30. We asked Mr Voliere if there was any explanation for this in the evidence. He first said that the Sponsor said in oral evidence that he changed to using the Appellant's first name. We then asked why in that case the Sponsor changed it back again in 2005. Mr Voliere then changed tack and said that some of the payments were to the Appellant's mother intended for the Appellant as they lived in the same household and, especially at the beginning, because she was more able to obtain the money than the Appellant, as she was known at the collection point. We asked if there was any evidence that the Appellant and her mother lived in the same household at this time, and he could provide none. We asked why, if the mother was better able to get the payments, the early payments were to the Appellant. He said the Sponsor’s oral evidence was that this was to facilitate payment. We asked why in that case did the payments to the mother continue after her death. He said it was for consistency. We stress that Mr Voliere indicated that the evidential basis for all his answers to our questions lay in what the Sponsor said in oral evidence. However there is no support for that in the Immigration Judge’s record of proceedings or in the HOPO’s contemporaneous note.

31. We consider that the Immigration Judge was fully entitled to draw adverse conclusions concerning the alleged remittances on the evidence before him as a whole. Indeed in addition to the problems described above about the payees, the Sponsor and the Appellant gave very different accounts of how much money, if any, was sent. As the Immigration Judge recorded in paragraph [39], the Appellant said in interview she received £50 every two to three months, yet the Sponsor’s evidence was that he was sending up to 4 times that amount.

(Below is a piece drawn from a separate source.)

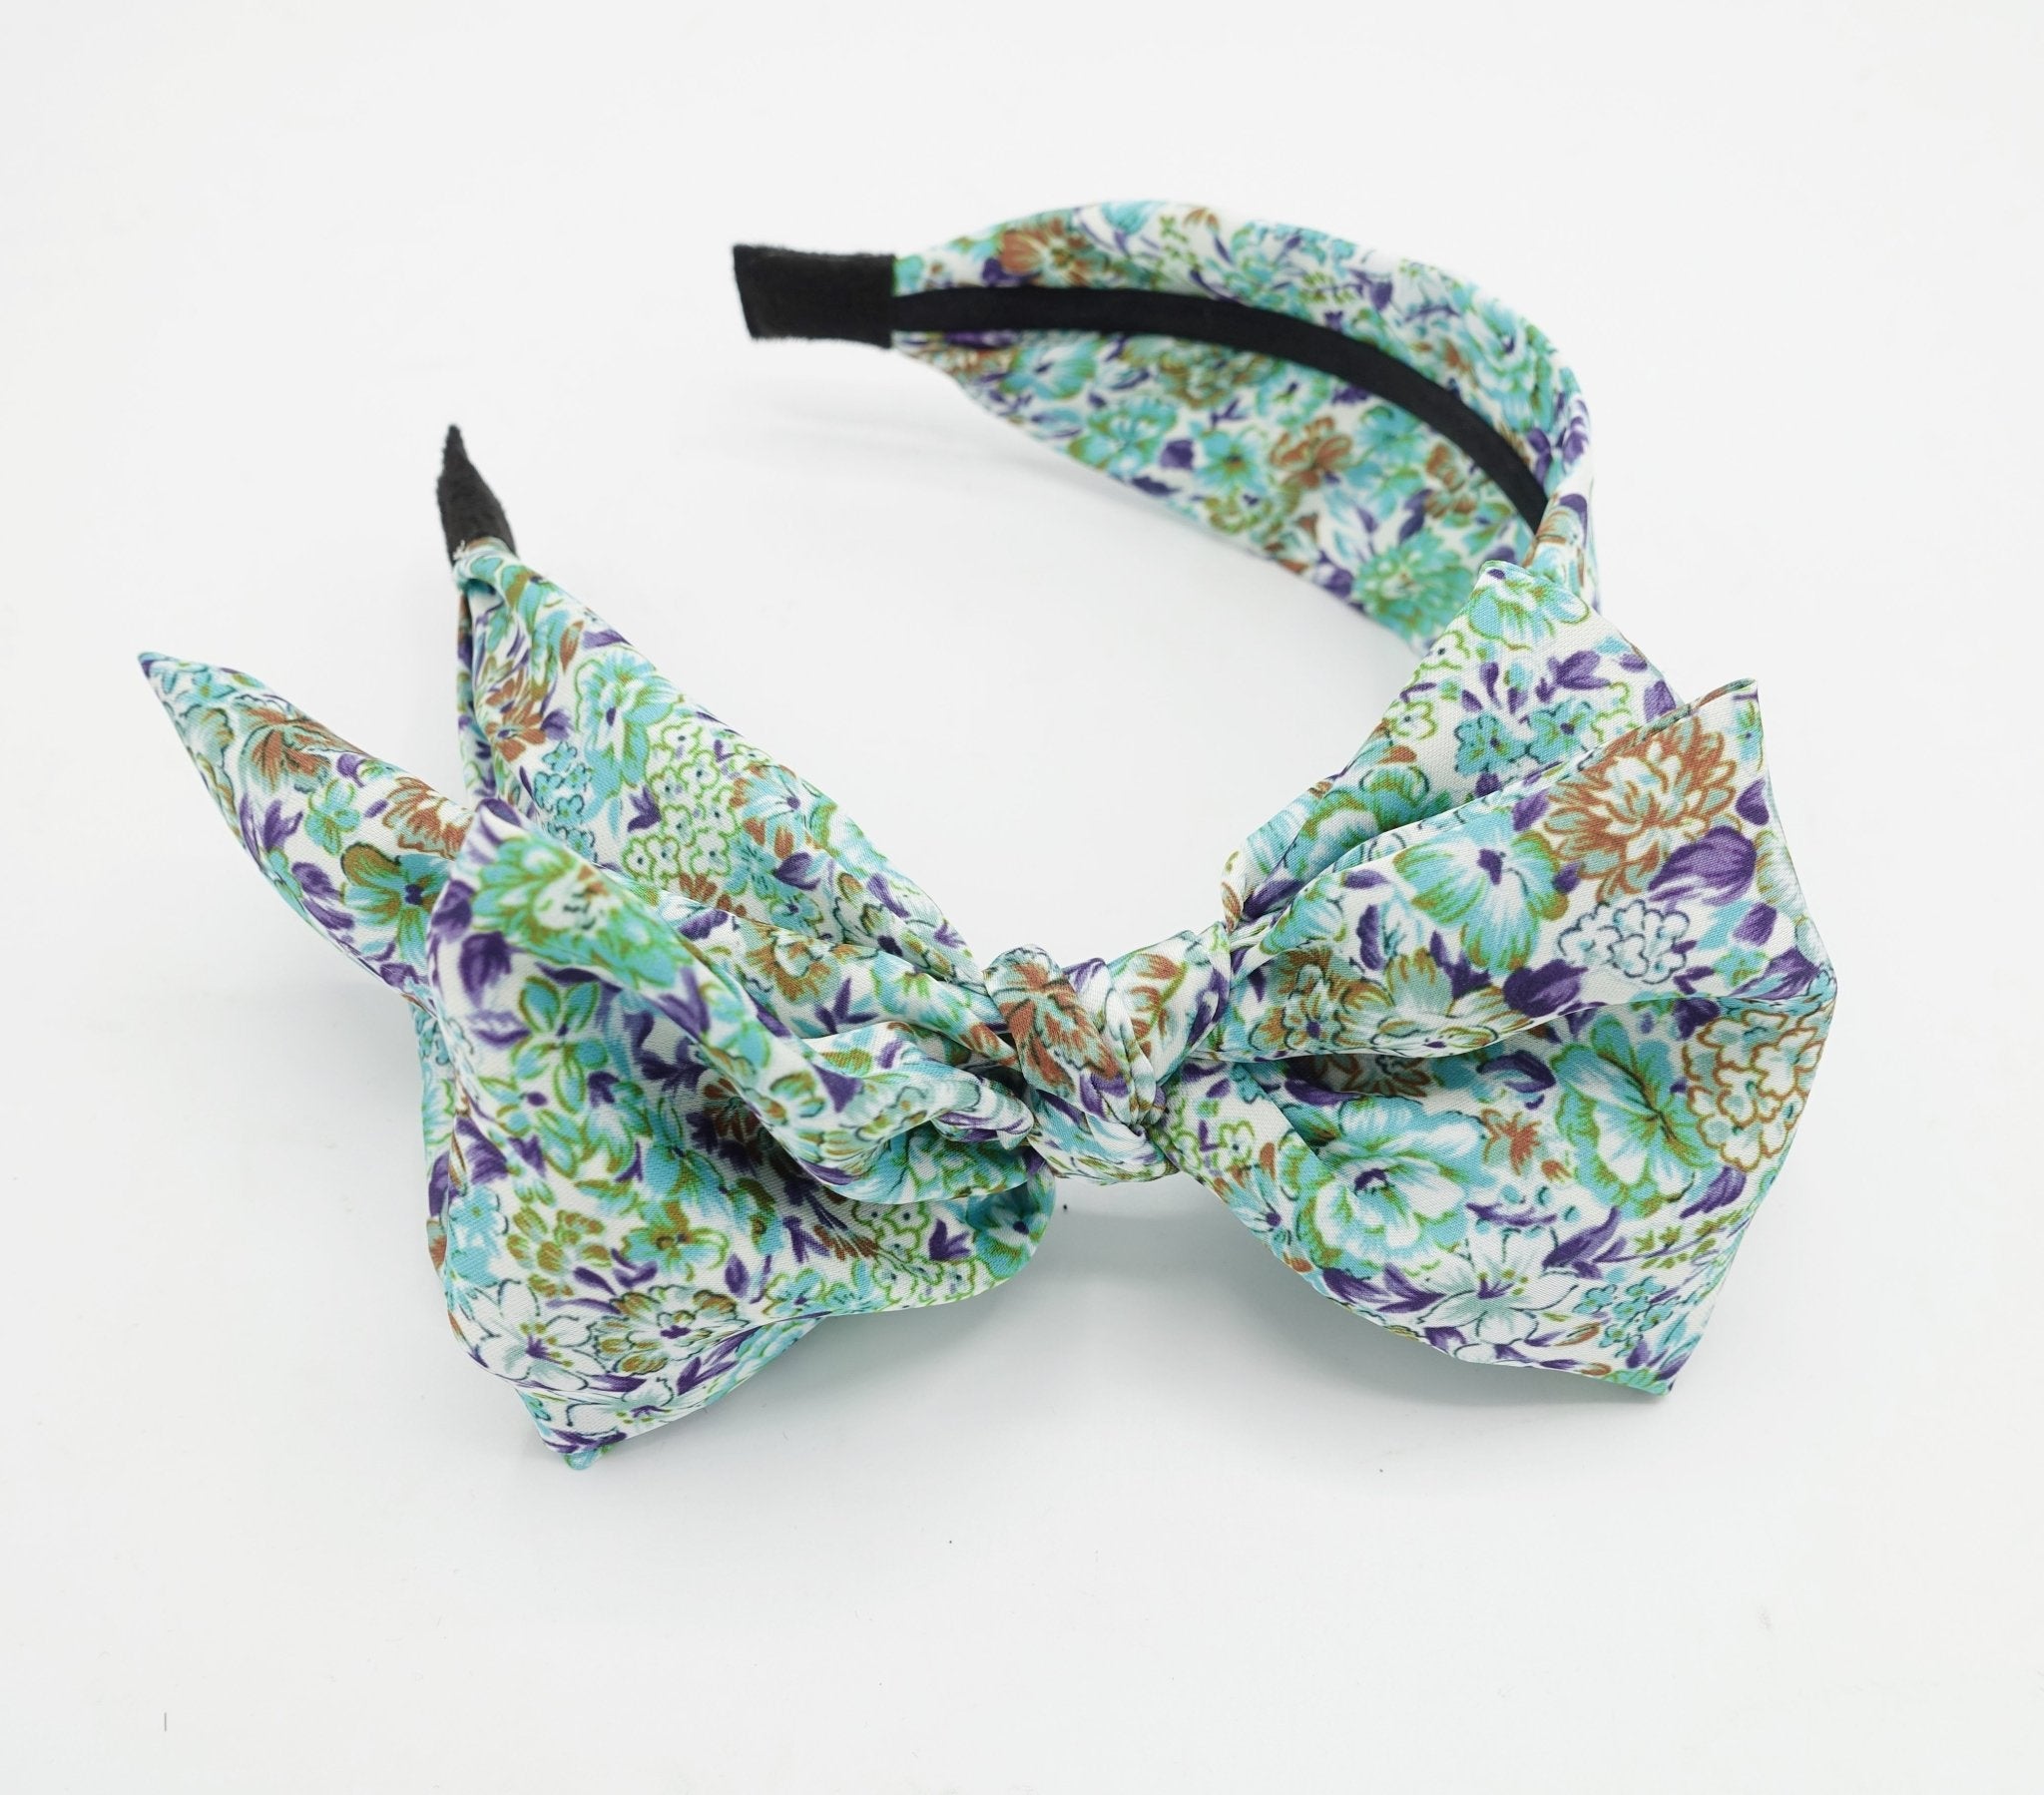 veryshine.com Headband floral bow knot headband flower print hairband woman hair accessory

Mr Voliere said that the Appellant’s answer may have been inaccurate because she did not know the precise amount sent, or was mistaken over the exchange rate. We asked him if he had suggested that to the Immigration Judge in oral submissions and he confirmed that he had not, even though this inconsistency was a matter that the HOPO had highlighted in his oral submissions. We consider that Mr Voliere’s attempts to explain away the materiality of the inconsistencies only made matters worse for the Appellant.

32. Mr Voliere then submitted that the inconsistencies in the evidence identified by the Immigration Judge were not fatal to the application. We disagree. The many inconsistencies go to the heart of the claim that there has been a continuing and meaningful relationship between the Sponsor and the Appellant over the twenty years they have lived apart. Apart from the discrepancies over the alleged remittances, there were inconsistencies over when they first met and how long they were together. The Appellant lied to conceal her previous visa application as a visitor in 1997/8. She said did not know of the alleged visa applications for her allegedly made by the Sponsor in 1998/9, of which there is no record. In paragraph [35] the Immigration Judge identifies a discrepancy on the marriage certificate which appears to have been signed by the Sponsor in Kumasi Ghana in 2003, at which time he was in the UK.

33. In short, we consider that the Immigration Judge’s adverse credibility findings are in all respects properly reasoned, soundly based on the evidence and sustainable. They support his overall conclusions as set out in paragraph 3 above. There is no merit in the contrary submissions in the grounds as amplified before us by Mr Voliere.


34. The Immigration Judge did not make a material error of law and the original determination of the appeal shall stand.